Versions (relevant - OpenSearch/Dashboard/Server OS/Browser):
Opensearch Version 2.6.0
Describe the issue:
I launched a single-node Opensearch on EC2 instance and the service stopped with an this log level WARN and ERROR
[2023-10-16T08:40:21,922][WARN ][o.o.m.f.FsHealthService ] [<node_name>] health check of [/var/lib/opensearch/nodes/0] took [223936ms] which is above the warn threshold of [5s]
[2023-10-16T08:40:22,067][ERROR][o.o.m.f.FsHealthService ] [<node_name>] health check of [/var/lib/opensearch/nodes/0] failed, took [223936ms] which is above the healthy threshold of [1m]
After restarting the EC2 instance, the opensearch resumed again.
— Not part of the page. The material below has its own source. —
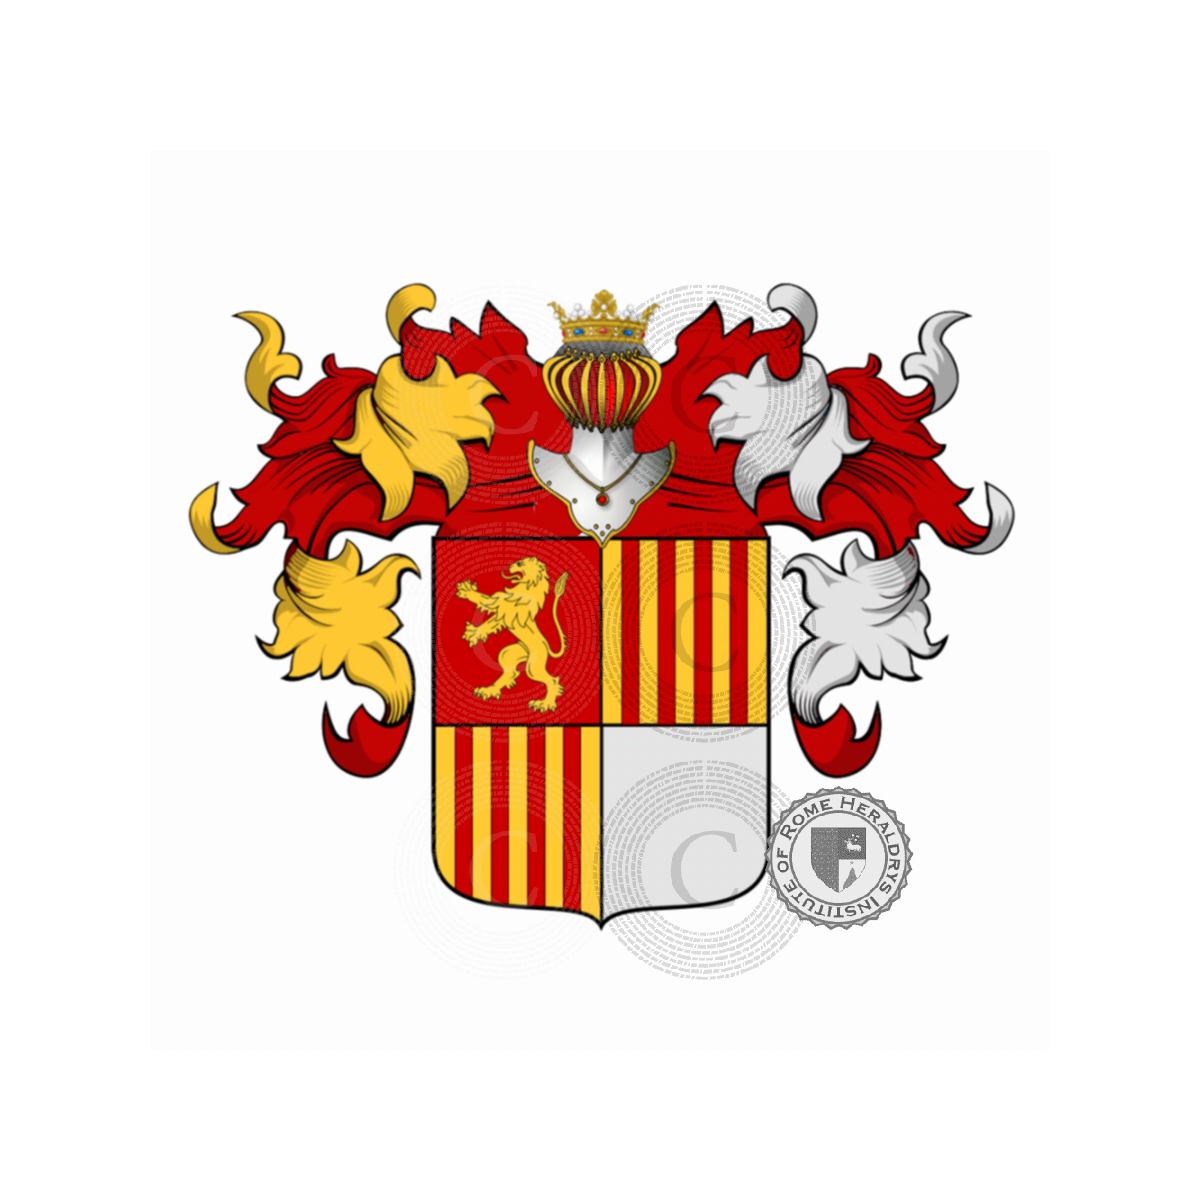 Brasão da famíliaRuggi d'Aragona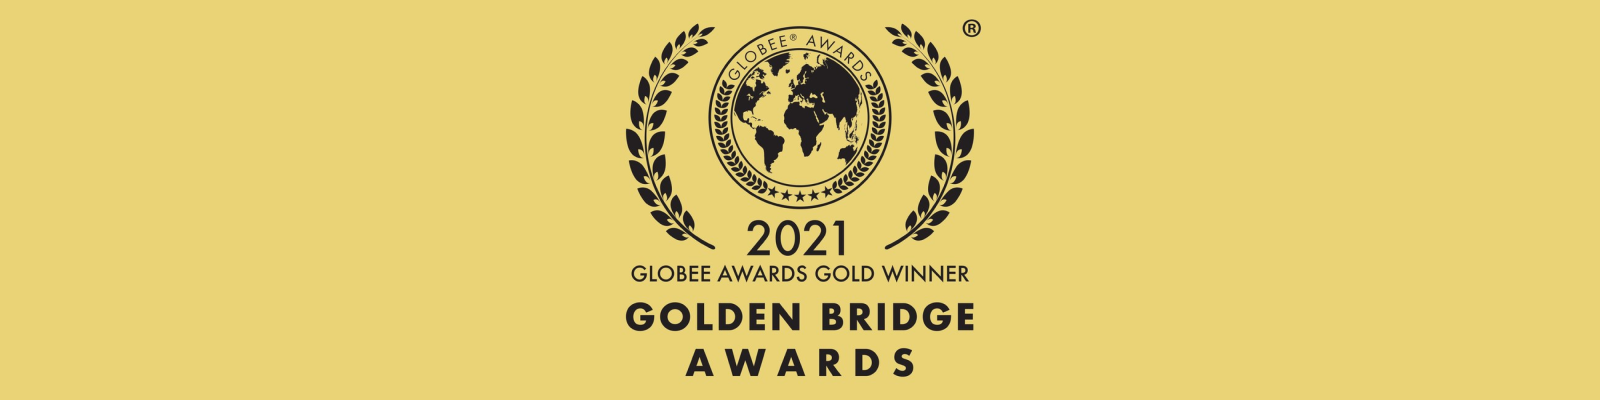 Verdigris Strikes Gold in Golden Bridge Awards

Looking at this elasticsearch forum page, who seems to have had a similar problem, it seems that the disks are performing very poorly and perhaps overloaded.
Based on the cat allocation opensearch documentation, I checked the allocation of disk space with this command
GET _cat/allocation?v=true&h=node,shards,disk.*
and received this result
node shards disk.indices disk.used disk.avail disk.total disk.percent
<node_name> 230 7.9gb 39.1gb 40.8gb 79.9gb 48
UNASSIGNED 209
the node seems to be using 48% of disk space.
First, is this the way to find out the cause of the problem? What are the steps I need to take to avoid the error from happening again?
Any help/direction helps, thank you beforehand.